16 December 2006

Cricket and Kangaroo

The game of cricket is a major phenomenon in Australia. The biggest thing in cricket is “The Ashes”, a competition between Australia and England approximately every year and a half. A “test match” in cricket is a single cricket game that takes 5 days to play. The Ashes consists of 5 test matches, played across a couple of months. It’s such a big deal here that on certain key playing days, internet usage by office workers increases 20-fold as workers check scores and watch video of key plays on cricket websites. It’s like the world series and super bowl rolled into one and extended across two months or so. It’s being played in Australia this time (it alternates between here and England) and literally 10’s of thousands of English fans have traveled to Australia to watch the matches in person.

The most diehard of them are called the “Barmy Army”. A weekly TV series here right now is about an Aussie who travels around to the matches with the Barmy Army of British fans. Each match is being played in a different Australian city. Baseball is derived from cricket, and cricket fans have the same love as baseball fans of endless statistics and in a game that may feature 500 runs per team, there are lots of stats. Discussion before and after the games takes as much time as the game itself.

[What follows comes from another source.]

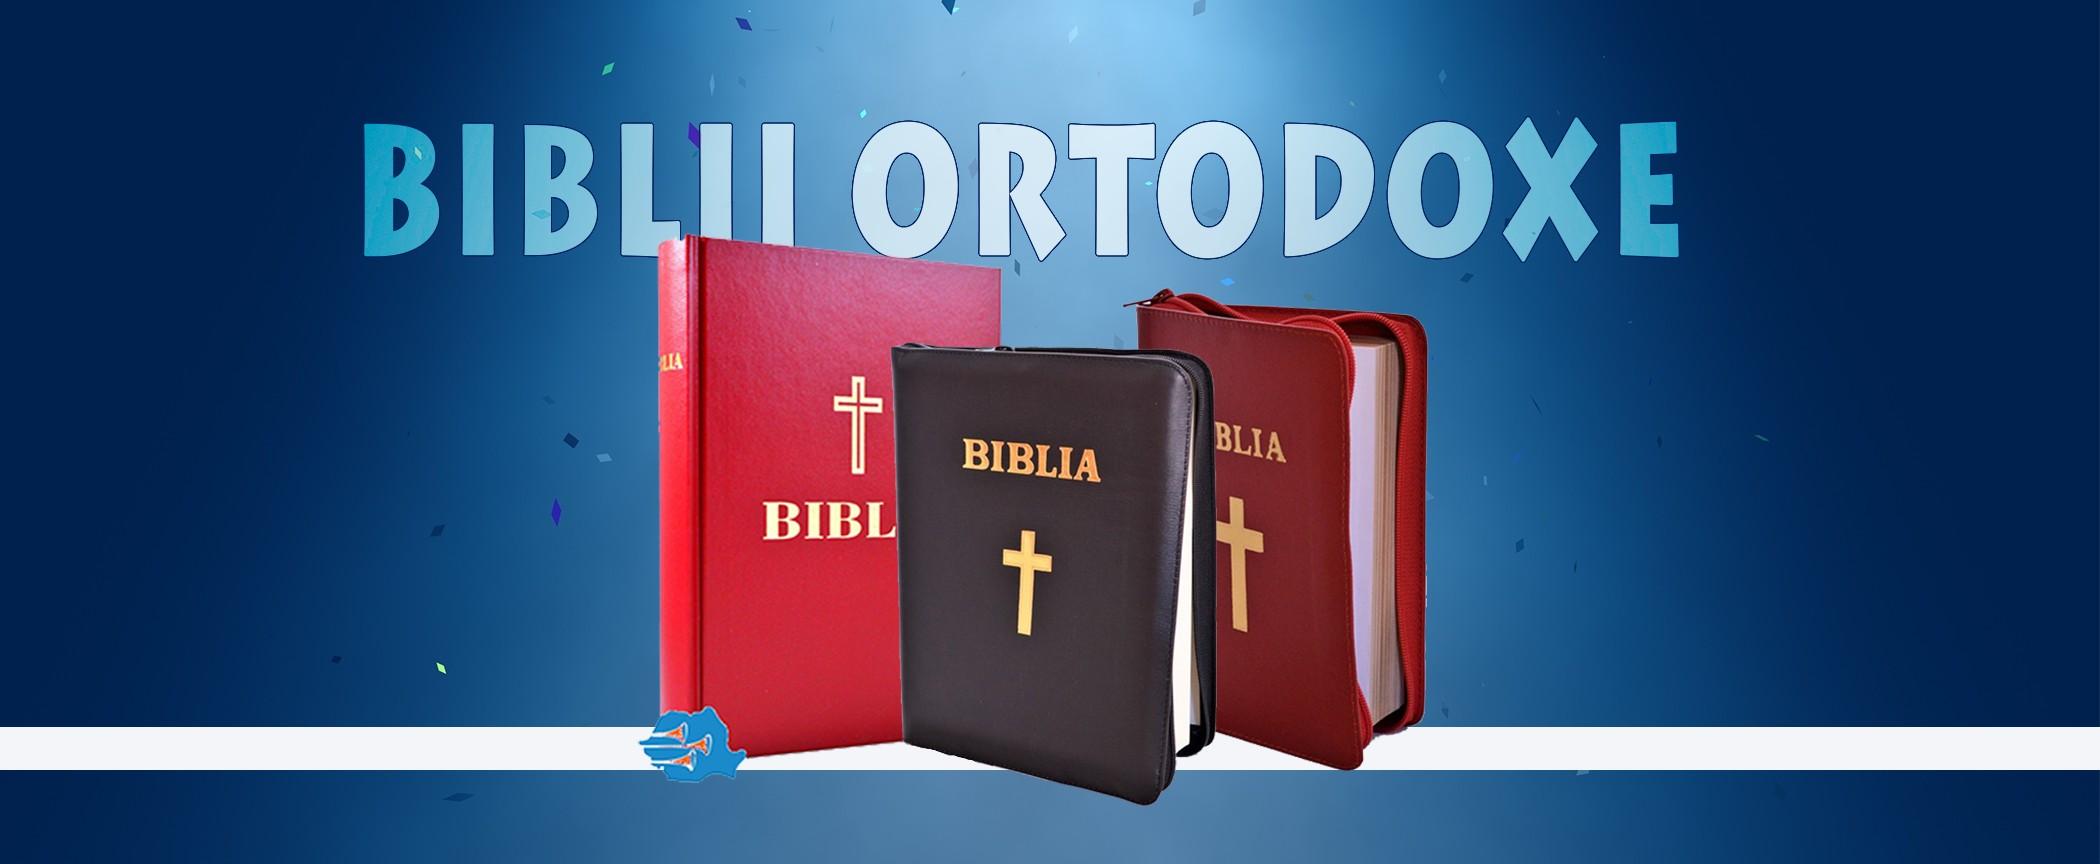 Biblia Ortodoxa

So lunch at work these days means beating a path the few meters from the office to Roland’s parents’ place where his mother feeds us lunch while we watch cricket and they discuss the strategies of the game. I’m getting to the place where I can toss in a comment here and there like I know what I’m talking about.

Yesterday’s lunch was a salad and ginger beer (ginger ale with LOTS of real ginger in it. No, it's not like Vernor's, which is still just ginger ale, albeit a good one). The salad was kind of a chef salad, with lettuce, tomatoes, bean sprouts, apples, cheese chunks and meat chunks. The meat looked like medium rare beef steak. It was actually kangaroo steak that Roland’s mother had found on sale at the local grocery store.

My sister Janet once found kangaroo meat at a new grocery store in Dallas. She invited me over, fried it in a skillet and we ate it, or tried to. Roland had previously told me that the best steak he ever ate was a kangaroo steak at a restaurant in Australia. On that recommendation we bit into our fried kangaroo with great anticipation. It was terrible. It tasted like liver or something. We couldn’t finish it. We gave Roland the leftovers and he insisted it tasted fine – nothing like liver.

As a result of that experience, I wasn’t eager to try it again, but this steak in the salad was actually quite good. Roland’s mother said it’s especially important with kangaroo meat not to overcook it, so maybe that had been our mistake.

Kangaroos, by the way, far from being an endangered species, are so common as to be a pest here, apparently. I’m told that Roland’s brother, who lives in a small town several hours into the interior of the country, has hit as many as a half-dozen or so kangaroos on the highway over the course of one drive from there to here. Nearly everyone who lives in rural parts of Australia has a “roo guard” installed on the front of their vehicle to prevent damage to the vehicle when it collides with a kangaroo.

For Texans, think skunk or Armadillo, only 50 times bigger. And tastier.